From Web Pages to Insights: Integrating Web Scraping and Text Analysis with GPT

10 minute read

In a past article, I explored how to summarize and categorize text using the OpenAI API. In this post, I will take it one step further and show you how to integrate web scraping into this workflow to extract structured data info from a series of web pages.

Context

I have been making one visualization weekly since I started my full-time DS job in 2018. Initially, I followed the datasets posted every week by makeovermonday.co.uk. However, they paused the project in September 2021 for about one year. Running this community every week is a huge commitment so I completely understand the need for a break. As a result, starting in October 2021, I have been finding my datasets to visualize every week. The topics are mostly inspired by my interests or experience. It has been 139 visualizations since then, so sometimes I wonder what my favorite data topics and visualization types are.

While I have visualization catalog pages with a running list of visualization titles and data sources, it doesn’t tell the visualization topic details and the specific chart types I used. Instead, I need to read through the 139 weekly visualization posts to identify them, which is not realistic. Therefore, it’s time to get help from web scraping and the OpenAI API.

Step I - Prepare the URL Lists

To get the list of URLs to those visualization posts, it is easiest to scrap the list from my visualization catalog pages. Let’s start with the 2024 page. By inspecting the HTML code, you can see the URLs are embedded in the ‘table’ tags within the ‘page__content’ class.

With the help of GPT, I wrote the code below to fetch the URL and the post title using the BeautifulSoup package.

Now that we have success with the 2024 visualization catalog page, let’s loop through the pages from 2021 to 2024 to get the full list.
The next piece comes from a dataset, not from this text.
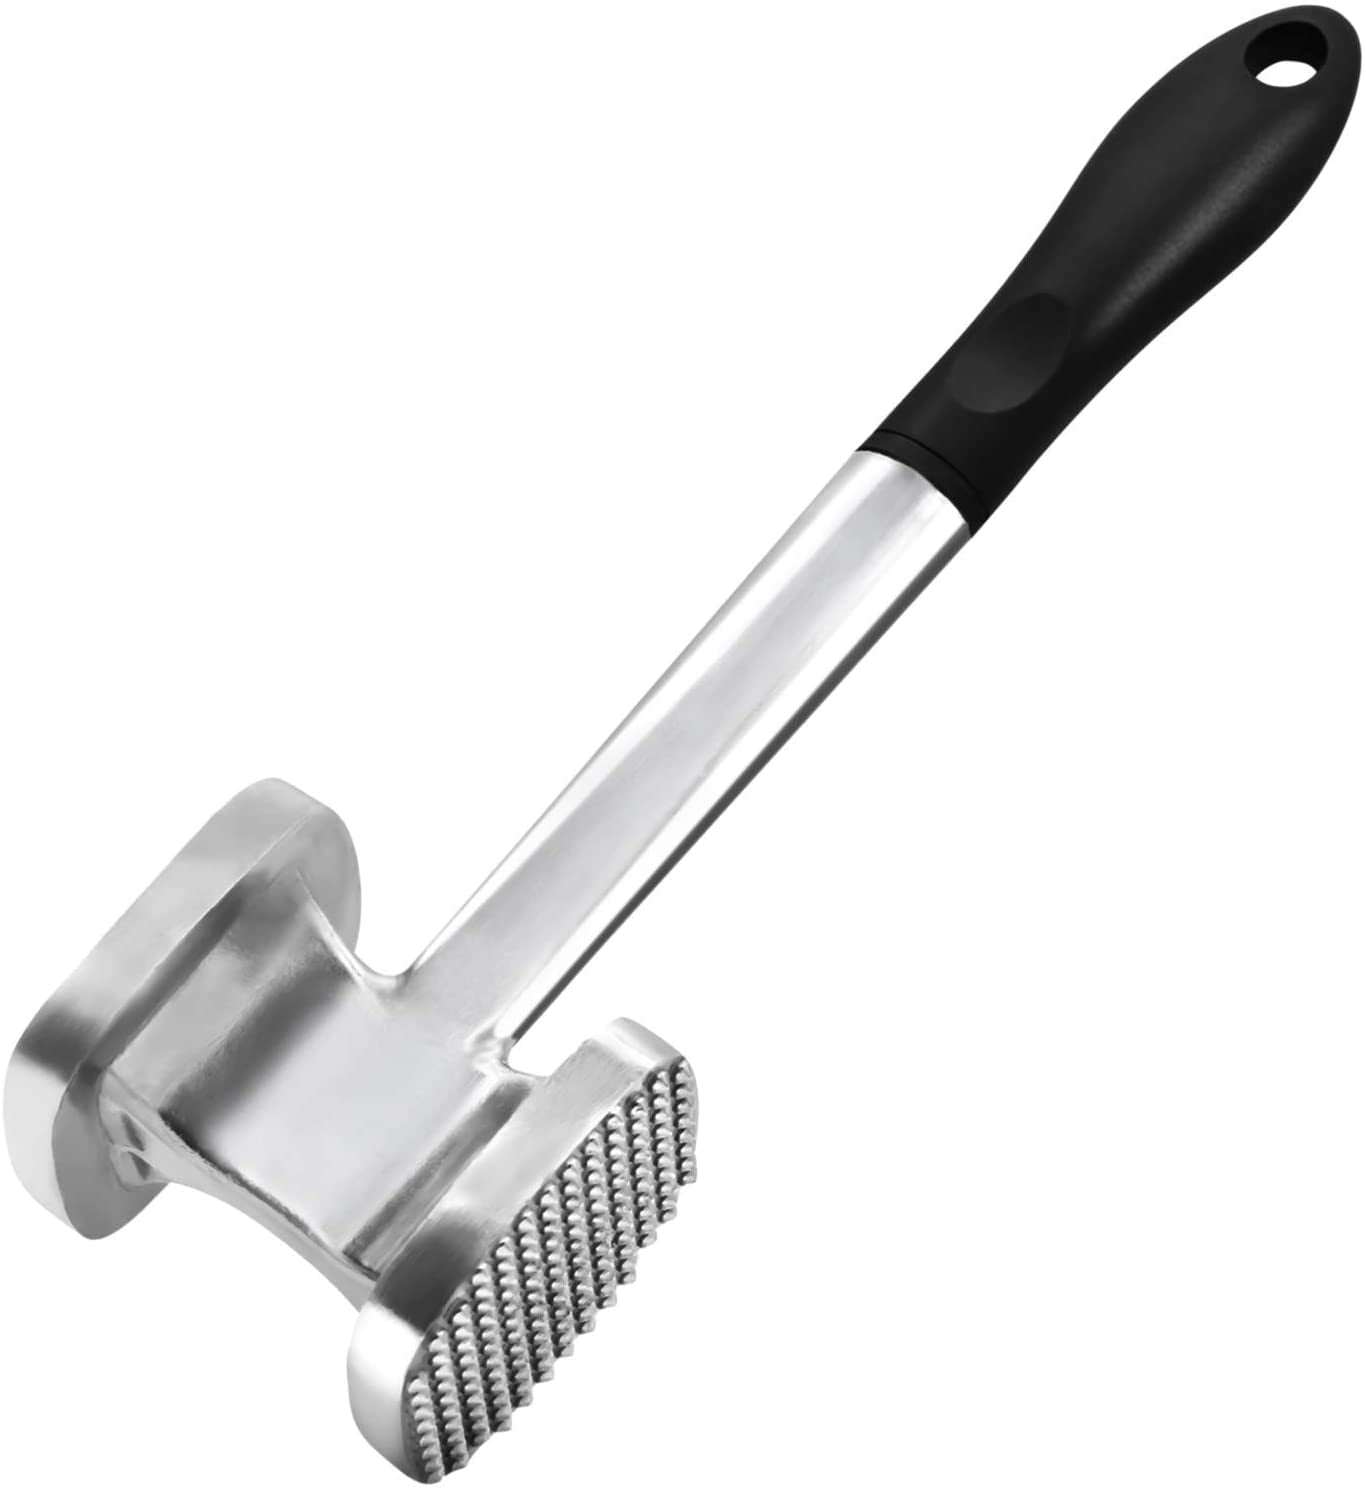 Large Size Meat Tenderizer Hammer. Practical Design Meat Mallet

years = ['2021', '2022', '2023','2024']
url = 'https://yudong-94.github.io/personal-website/data%20viz/WeeklyViz'
viz_urls = []
viz_titles = []

for y in years:
    year_url = url+y
    # example URL: https://yudong-94.github.io/personal-website/data%20viz/WeeklyViz2024/

    # Send a request to fetch the content of the web page
    response = requests.get(year_url)
    response.raise_for_status()  # Raise an exception if the request was unsuccessful

    # Parse the HTML content of the web page
    soup = BeautifulSoup(response.text, 'html.parser')

    # Extract the a tags
    viz_table = soup.find('section', class_='page__content').find('table')
    a_tags = viz_table.find_all('a')

    for t in a_tags:
        href = t.get('href')
        text = t.get_text()
        # filter on tags with blog links
        if href:
            # only keep the ones following the WeeklyViz URL format
            if 'https://yudong-94.github.io/personal-website/data%20viz/WeeklyViz' in href:
                viz_urls.append(href)
                viz_titles.append(text)

Step II - Parse Visualization Blog Content

The next step is to parse out the text body from each visualization blog (example) so we can feed them to the OpenAI API.
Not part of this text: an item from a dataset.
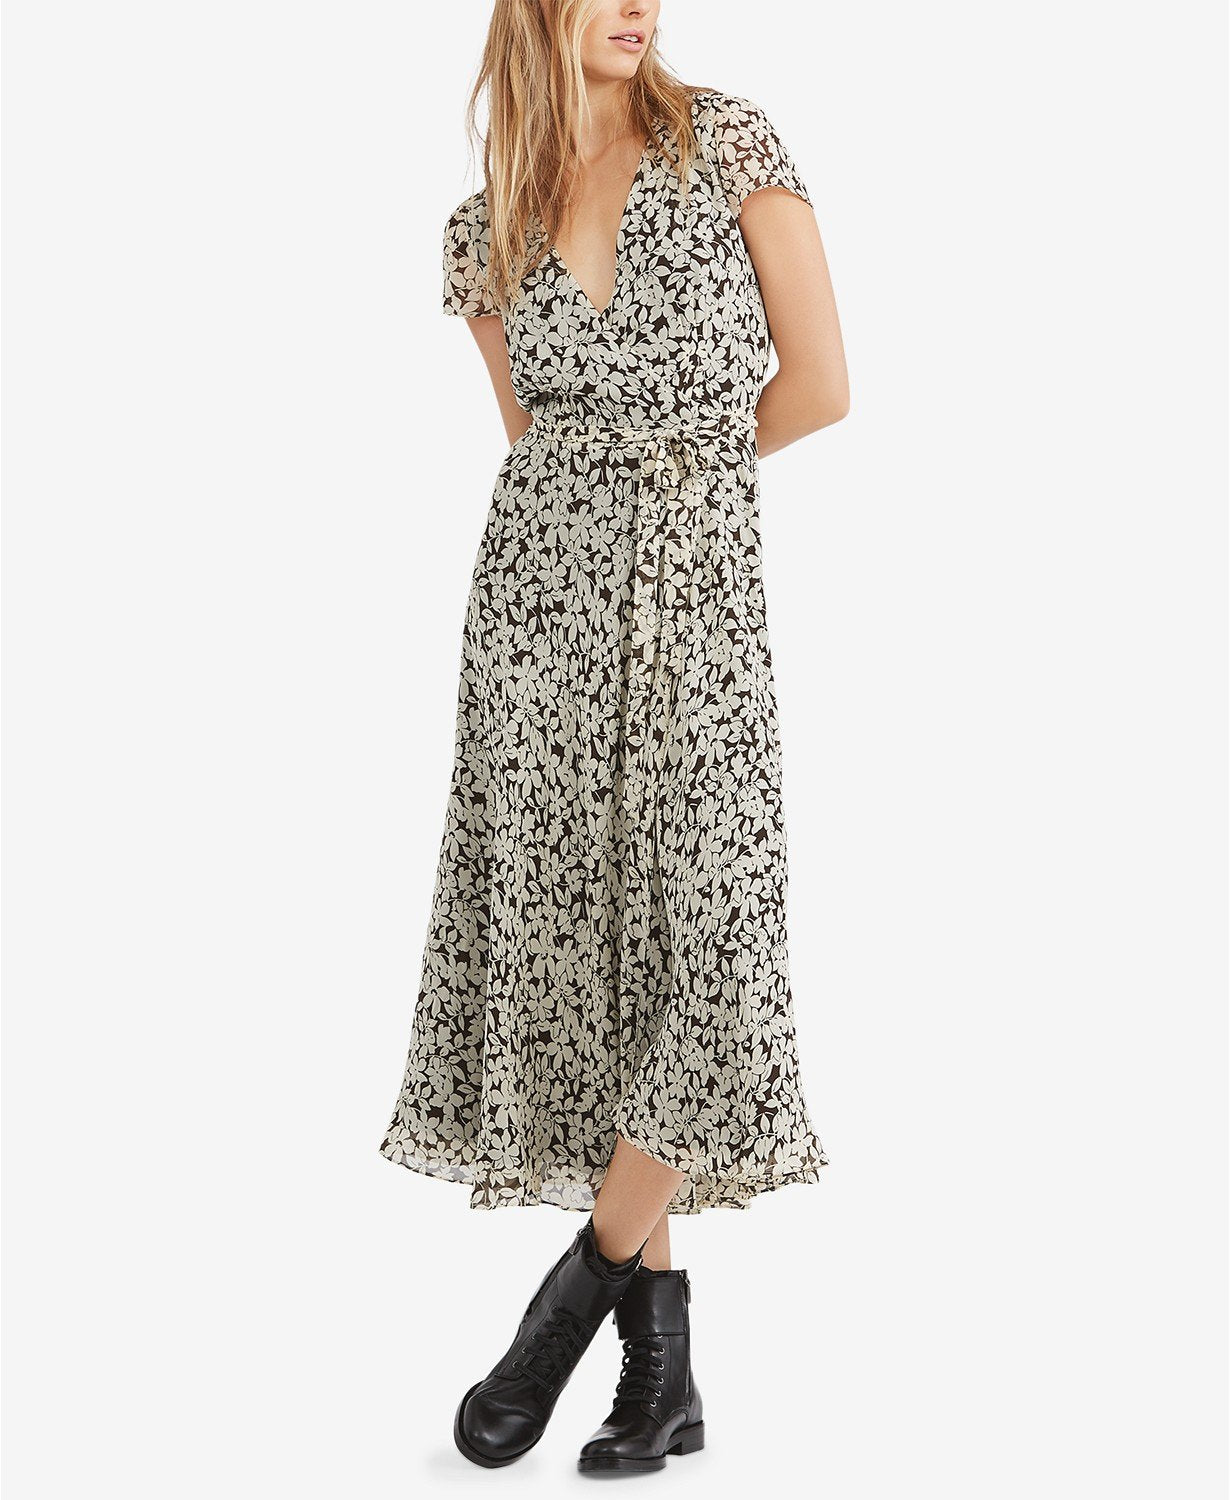 Polo Ralph Lauren Floral-Print Wrap Dress

My visualization blogs are written in markdown and the site is published via GitHub Pages. Therefore, it might look slightly different from many other websites. In this case, the body text can be found under the ‘p’ tag in the ‘page__content’ class. Here is a similar code block to extract the text.

Step III - Text Summarization and Categorization with the OpenAI API

In the above steps, we have prepared the URL list and the code snippet to extract the text content. Now it’s time to ask GPT to conduct some text analysis. We have three objectives:

Summarise the visualization topic, for example, “Top-rated mobile games by genre”. This should usually align with the post title.
Categorize the topics category, for example, “Entertainment”. I prepared a list of predefined categories for GPT to choose from. The list could be created based on your domain knowledge, or you can ask GPT to generate a list as described in the last post.
Extract the visualization type, for example, “Line chart”. This is usually described in the 2nd paragraph of my weekly visualization post. I also prepared a predefined list for this one so GPT doesn’t give me values in slightly different formats (hopefully).
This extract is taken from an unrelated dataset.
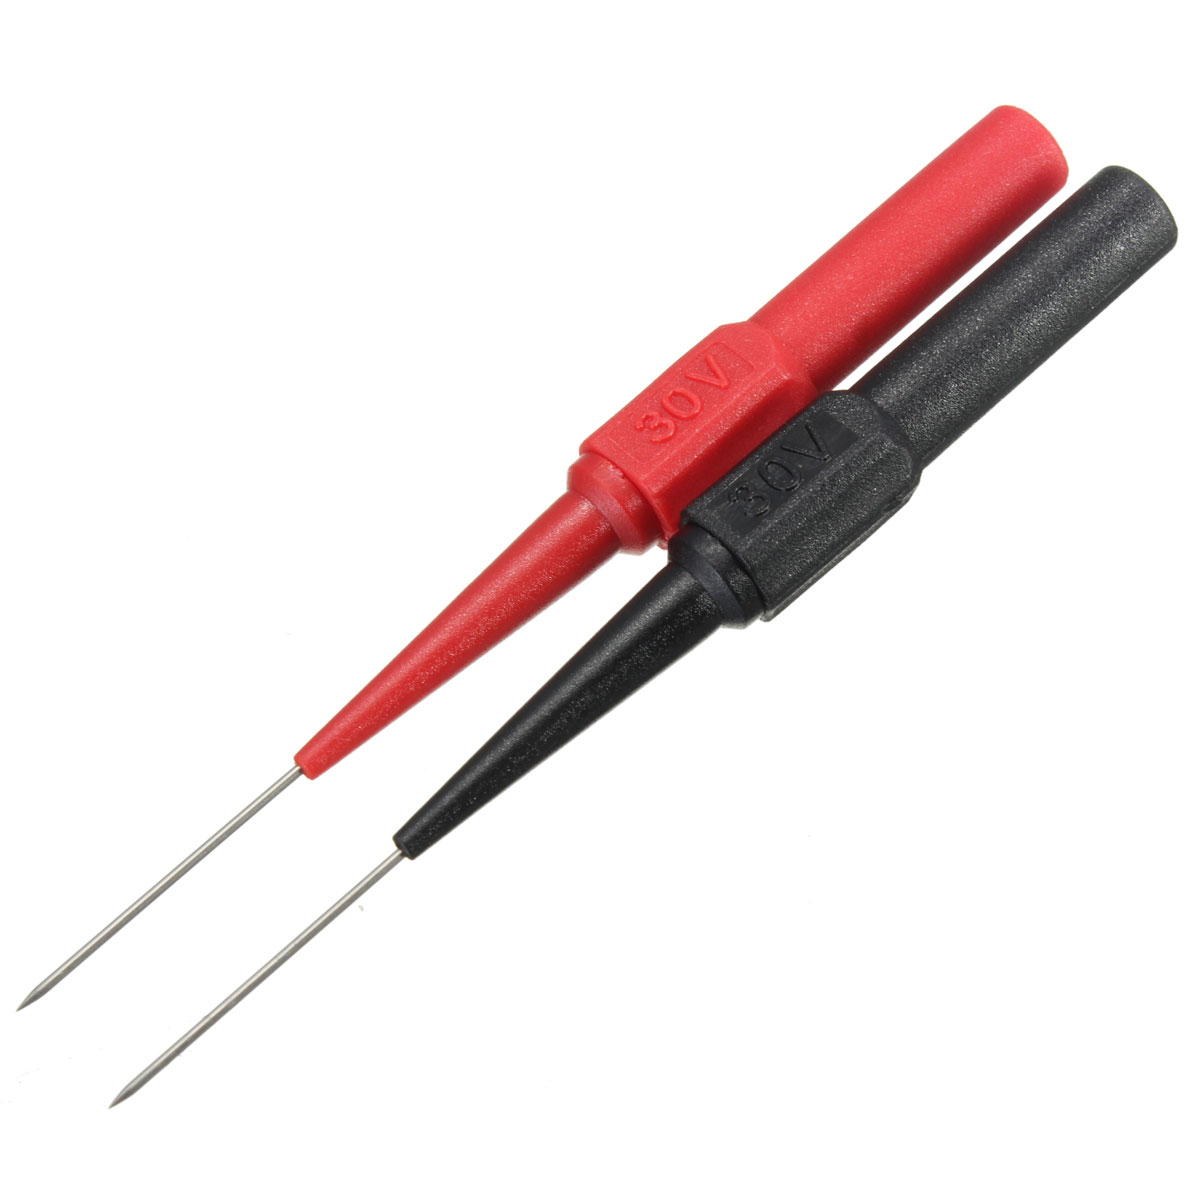 10pcs-DANIU-Insulation-Piercing-Needle-Non-destructive-Multimeter-Test-Probe-RedBlack-1402568-2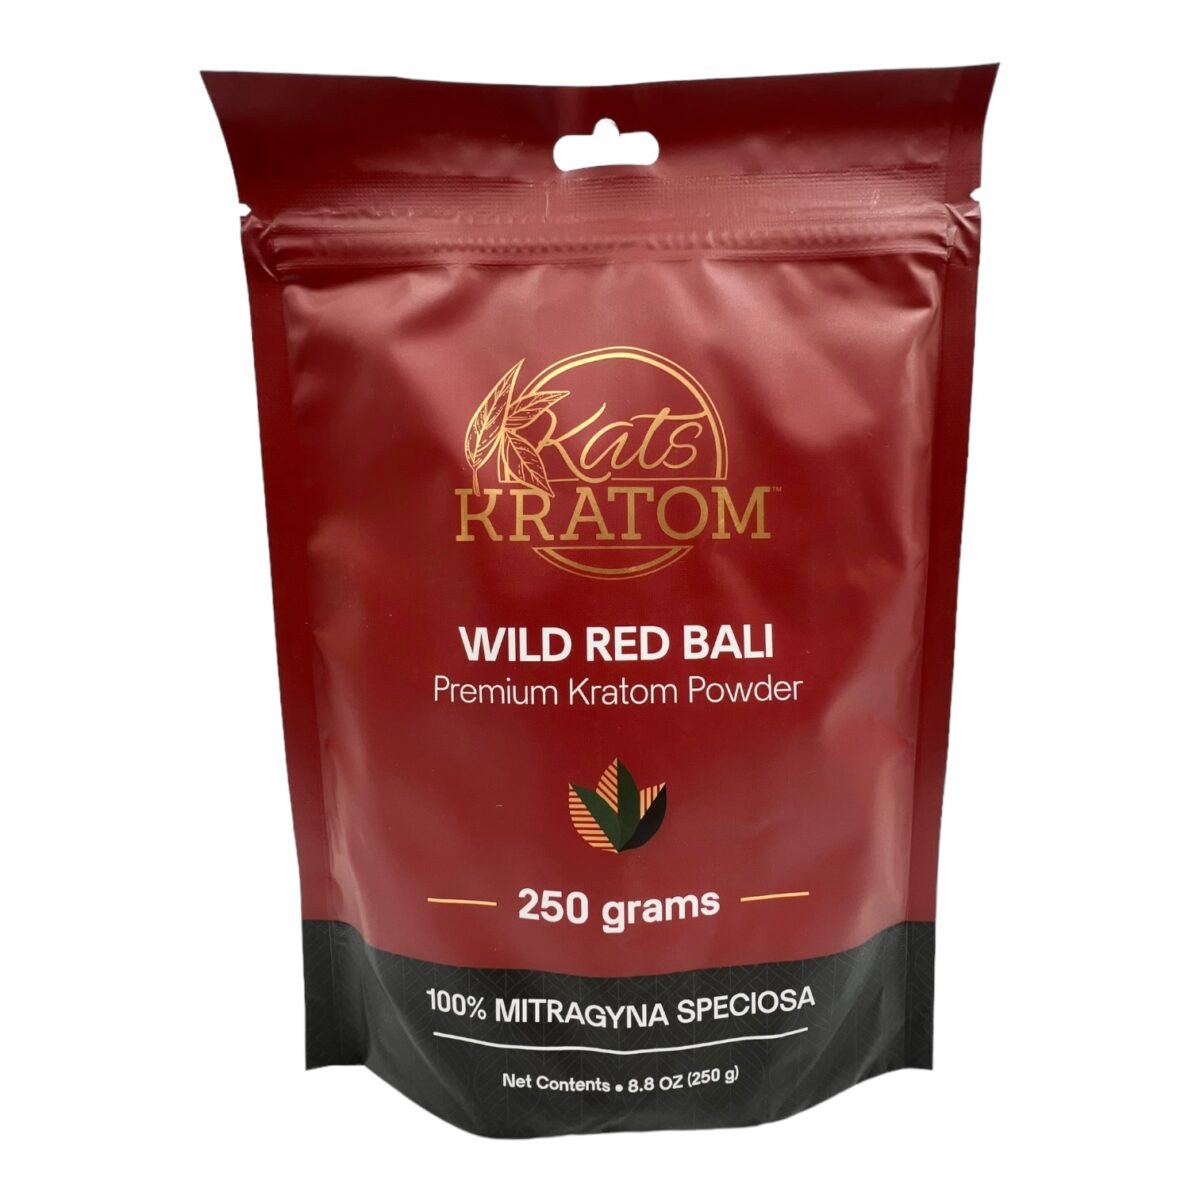 Kats Kratom Wild Red Bali Powder

To achieve these goals, the key part is to write the prompt. Here is the final prompt after rounds of iteration. For example, I tried to omit the category descriptions, but it outputted lots of ‘Others’. So one takeaway is always to be specific and detailed if possible.

prompt = f"""
    Below is the text content of my weekly visualization blog post. I describes visualization data source, visualization types, and insights in the post.  
    '''
    {blog_content}
    '''
    Please extract the "visualization topic", "topic category", "visualization type" from the blog post.  

    1. "visualization topic": the topic of the visualizations.

    2. "topic category": the category of the visualization topic. It should be one of the below values:  
    - "Economics": topics related to inflation rates, stock market performance, and housing market trends, etc.
    - "Technology": topics related to AI, cybersecurity, and different softwares, etc.
    - "Education": topics related to schools, online courses, and graduation, etc.
    - "Health": topics related to healthcare trends, medical science, and diseases, etc.
    - "Environment": topics related to temperature, natural disasters, global warming, etc.
    - "Travel": topics related to vacation destinations, and tourism statistics, etc.
    - "Business": topics related to startups, IPO, layoffs, and work habits, etc.
    - "Entertainment": topics related to movie, music, gaming, and social media trends, etc.
    - "Social Issues": topics related to gender equality, racial disparities, and crime rates, etc.
    - "Others": other topics that do not fall under any of the above categories.

    3. "visualization type": the type of the visualization.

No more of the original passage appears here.